Жажда его касаний. Его слов. Его действий. Жажда его присутствия. Чтобы рядом, вот здесь, на соседней подушке. Чтобы дышал с ней одним воздухом. Чтобы лёгкие наполнялись его запахом.
Это похоже на зависимость, только хуже.
Потому что наркота, алкоголь или сигареты, они убивают какой-то конкретный орган или систему органов, а затем, спустя какое-то время приходит смерть.
Ее же любовь могла убить и воскресить одновременно. На душевном уровне.
Только, как показала жизнь с ее гребаными уроками, мало любви, даже обоюдной и взаимной, мало. Завяжется цепочка, но не такая прочная как надо, чтобы выдержать все удары и остаться целой.
И этот кошмар- ей напоминание.
Она помнила ту ночь в деталях.
Каждый вздох. Каждый взгляд. Каждый стон. Все его касания к разгоряченной коже. Все, как вчера. Последний раз, когда она касалась его без оглушительной боли в душе.
Последний раз, когда ощущала, что все будет хорошо, что они выдержат, справятся.
Если бы могла, остановила бы время на том мгновении, и силой заставила бы его изменить решение. Сказала бы другие слова. Сделала бы другие поступки.
Заперлась бы с ним в одной комнате, добровольно бы замуровала все окна-двери. Только бы не наступило следующее утро.
Дима сбросила с себя влажное одеяло, поправила задравшуюся майку пижамы. Снова крутило ноги и руки, болела голова, а глупое сознание не обращало на это внимания. По венам бежала не кровь, — чистая лава возбуждения. Низ живота тянуло приятной болью. Дима могла руку на отсечение дать, что, если тронет себя внизу, раздвинет чувствительные складочки, почувствует влагу.
Она, бл*дь, влажная, готовая принять его.

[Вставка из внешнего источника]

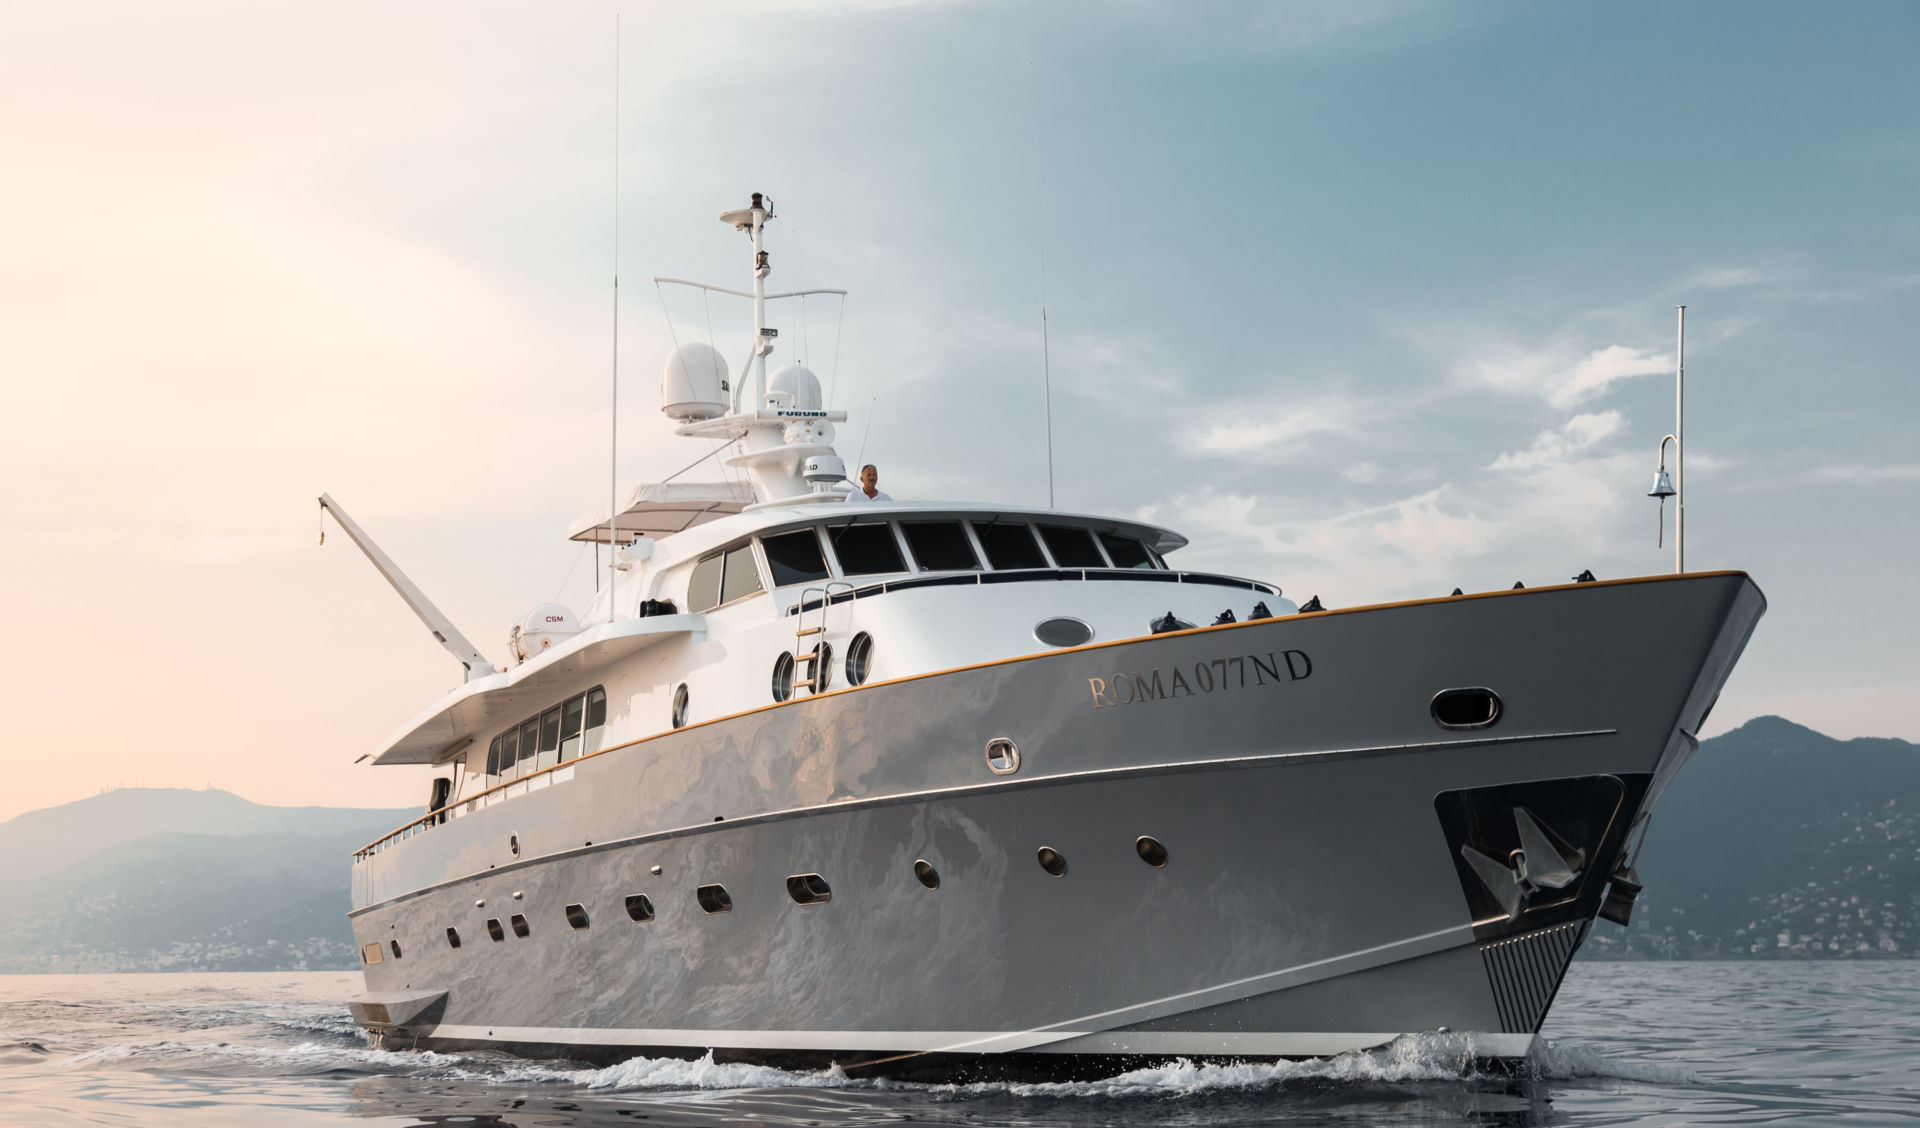 M/Y PAOLUCCI yacht for charter anchored

Отвернула спустившуюся на внутреннюю сторону бедра руку, — могла бы, отрезала ее. Пальцы горели, сердце бешено стучало.
Вздохнула поглубже и ринулась в душ.
Через минуту ледяные струи возымели действие и тело начало лихорадочно колотить от холода, но Димка терпела. Ей трезвая голова нужна, а не замутненные мозги-кисель от дикой жадной потребности в другом человеке.
Можно было бы спуститься в зал, но среди ночи это выглядело бы очень странно. Так что, Дима просто спустилась вниз, села на диван в гостиной и включила телевизор, поставила на беззвучный режим. Картинки мелькали, и ее мысли так же лихорадочно летали в голове, выстраиваясь в новые цепочки, новые связи, но снова не получалось правильной картинки.